Next, both the junction reads and the rCRS mapped reads of the discordant read pairs were assembled using CAP3 [45] to generate NUMT consensus contigs which were then mapped to rCRS using blastn [46] for verifying the mtDNA segment and identifying the mismatch bases.

To evaluate the performance of fNUMT, two tumor-normal paired samples from two ESCC patients with both short-read (150 bp, pair-end) and long-read (Nanopore) sequencing data were used. The library preparation, sequencing, and bioinformatics pipeline were described in our previous study [47]. The performance of fNUMT was compared with NUMTs-detection [38] and dinumt [39]. For dinumt, only the non-ref NUMTs classified as “PASS” and had mtDNA segment positions were retained for comparison.

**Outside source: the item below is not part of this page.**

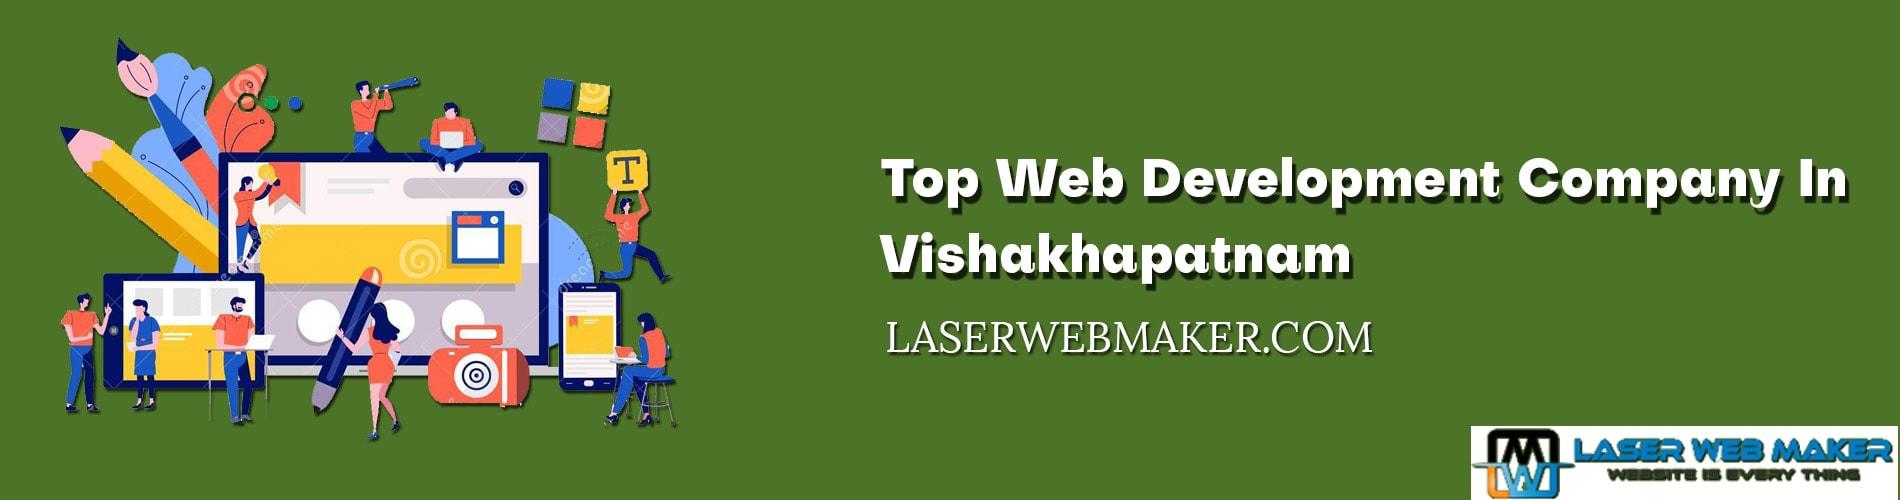 Top Web Development Company In Vishakhapatnam
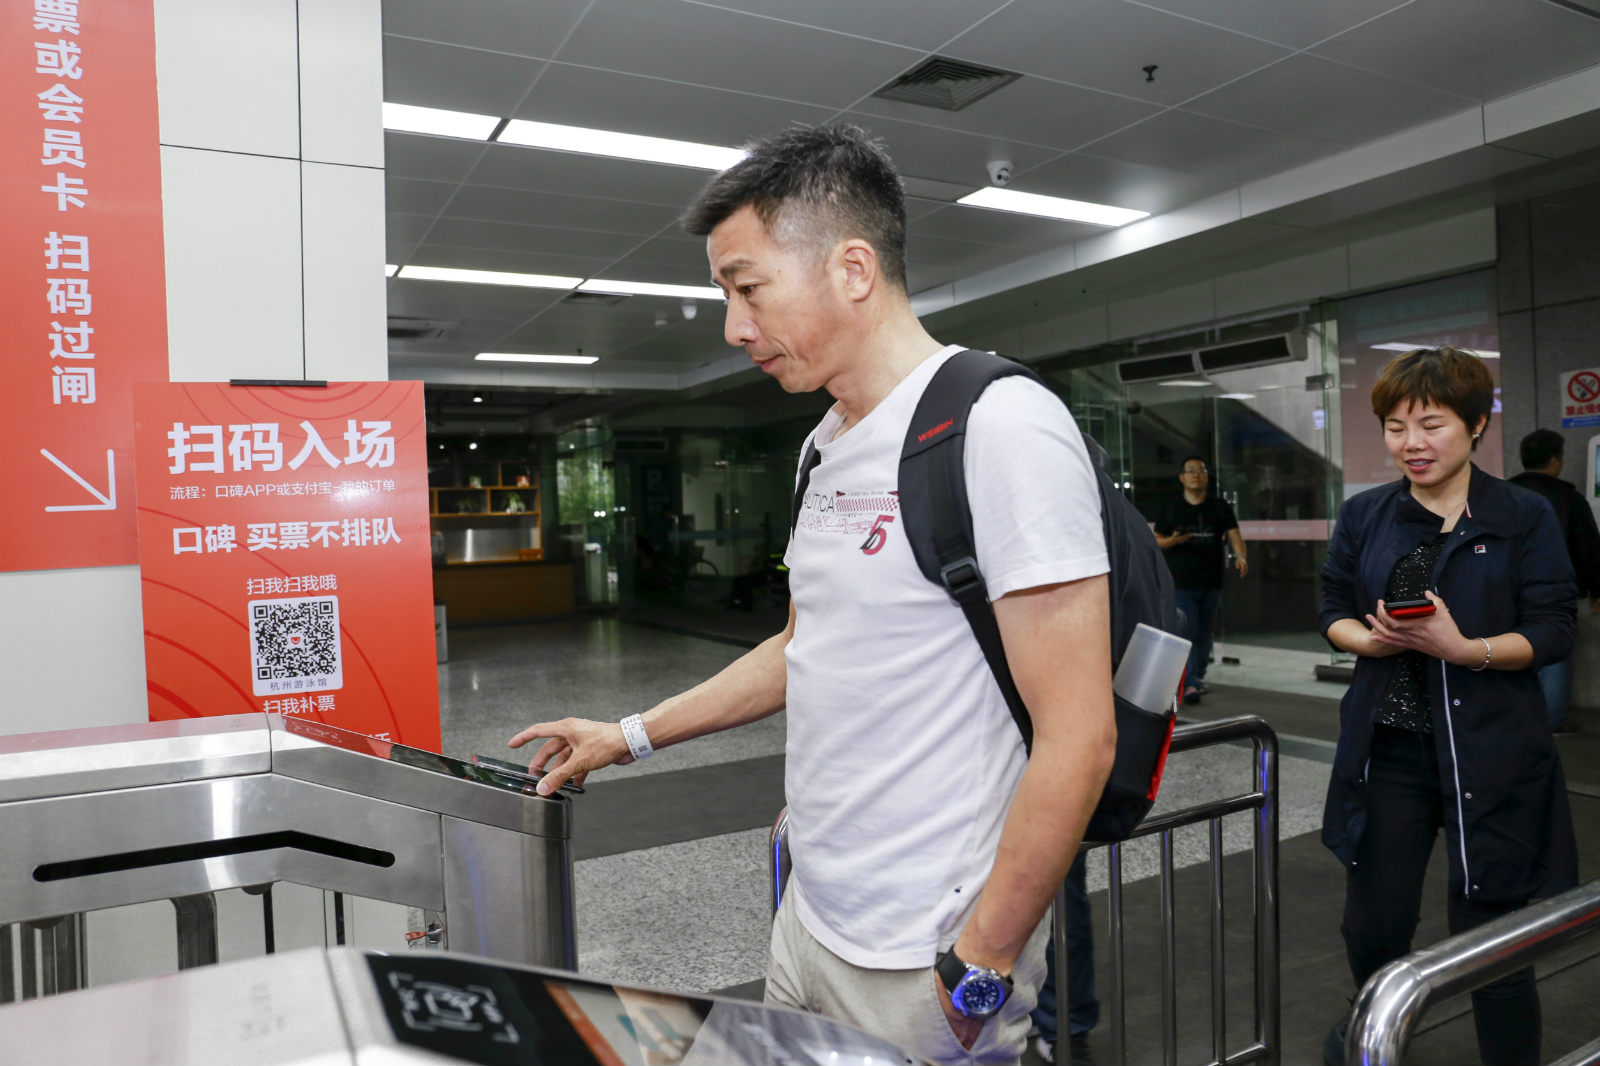 dnf决战人工智能答案刷0元手机就能游泳全国首家智慧游泳馆亮相杭州

We validated the non-ref NUMTs detected from short-read sequencing using the long-read data of the same sample as follows: (i) extracted the reads mapped around the estimated insertion sites (± 100 bp), (ii) manually inspected the reads in Integrated Genomics Viewer (IGV) [48] and the called non-ref NUMT was determined as false if no insertion marks existed (colored in purple with a number inside indicating the length of inserted sequences), and (iii) for those with insertion marks of comparable length against the estimated, extracted the insertion sequences and aligned them to the reference genome using blastn. We determined the called non-ref NUMTs to be true if the insertion sequences could map to the estimated positions of mtDNA.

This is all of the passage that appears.